先週30日に発表された4―6月期米GDP(速報値)は前期比年率+2.3%と、事前の市場予想(+2.5%)は下回ったものの、全体としてまずますの結果になりました。ことに個人消費や輸出、住宅販売の伸びが高かったことは大いに評価できるものと思われますし、1―3月期の成長率がマイナスからプラスに転じたことも好印象でした。
反面、民間設備投資が11四半期ぶりの減少に転じたことが全体の数値を少々引き下げることとなりましたが、これは前回(7月29日)更新分で触れた「原油安のマイナス効果」のくだりと符合するところが大であると言えるでしょう。昨年9月、10月あたりから原油価格が下落し始めたことのマイナス効果が、主に石油・ガス採掘関連の設備投資が落ち込むことを通じて「大よそ半年後に顕在化する」という見方が4―6月期に現実のものとなったわけです。
同時に、原油安のプラス効果が「3四半期後に最大となる」という見方も、4―6月期の個人消費や住宅販売の好調な伸びを見ると、今まさに現実のものになろうとしているように思われます。なにしろ、6月の中古住宅販売件数は前年同月比+9.6%と、8年4か月ぶりの高水準にまで回復したのです。これは「米国の家計は大きな買い物に踏み切ることを許容し始めている」とのイエレンFRB議長の認識と符合するものです。

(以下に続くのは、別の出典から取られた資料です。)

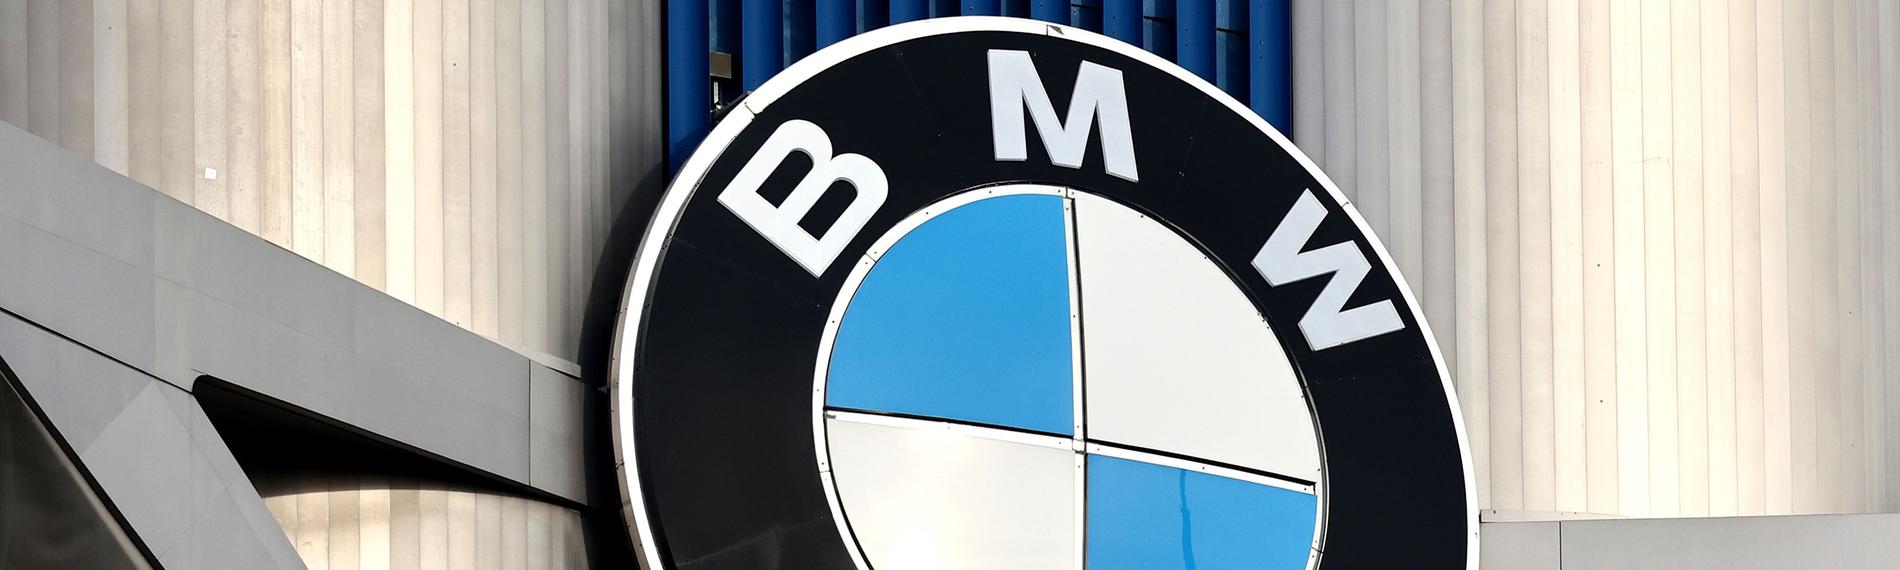 Das Logo der Bayerische Motoren Werke AG (BMW) auf dem Hauptsitz von BMW in München ist zu sehen.

周知のとおり、先週31日に発表された4―6月期の米雇用コスト指数は意外なほど弱い内容となり、ことに賃金給与の伸びは過去最低となりました。それにも拘らず足下でドル/円が比較的底堅く推移しているのは、やはり7―9月期以降の米国経済の成長・拡大の加速に対する期待が根強いからではないでしょうか。もちろん、イエレンFRB議長は「年内の利上げ実施」を示唆しているわけですから、なかなか積極的にドルを売り仕掛けるわけには行かないというところもあるのでしょう。
下図にも見られるように、目下のドル/円は一目均衡表の日足「雲」上限ならびに21日移動平均線(21日線)によって下値をガッチリとサポートされた状態にあります。7―9月期以降の米国経済に期待するという意味では、とりあえず7日に発表される7月の米雇用統計を確認したいというところも大きいでしょう。
一方で、先週発表された4―6月期の米指標が強弱まちまちであっため、依然として124.40-50円あたりのゾーンでドル/円の上値が押さえられていることも事実です。先週30日には一時的に124.58円まで上値を追う場面もありましたが、同日の21時から翌日午前1時までの1時間足で見ると124.40円を超えたところは、図ったようにすべて上ヒゲとなっています。
仮に、7月の米雇用統計の結果が市場で失望と受け止められた場合、一旦は日足「雲」上限や21日線のサポートを下抜け、場合によっては122円割れの水準を再び試す可能性もあるものと見ます。そこは押し目買いのタイミングを慎重にうかがいたいところと言えるでしょう。もちろん、米雇用統計が比較的強めの結果となった場合には、まず124.40-50円のゾーンを上抜けるかどうかを見定めたいところと言えます。あらためて上値が押さえられるようであれば、短期的に戻り売りを仕掛けてみるのも一手ということになるものと思われます。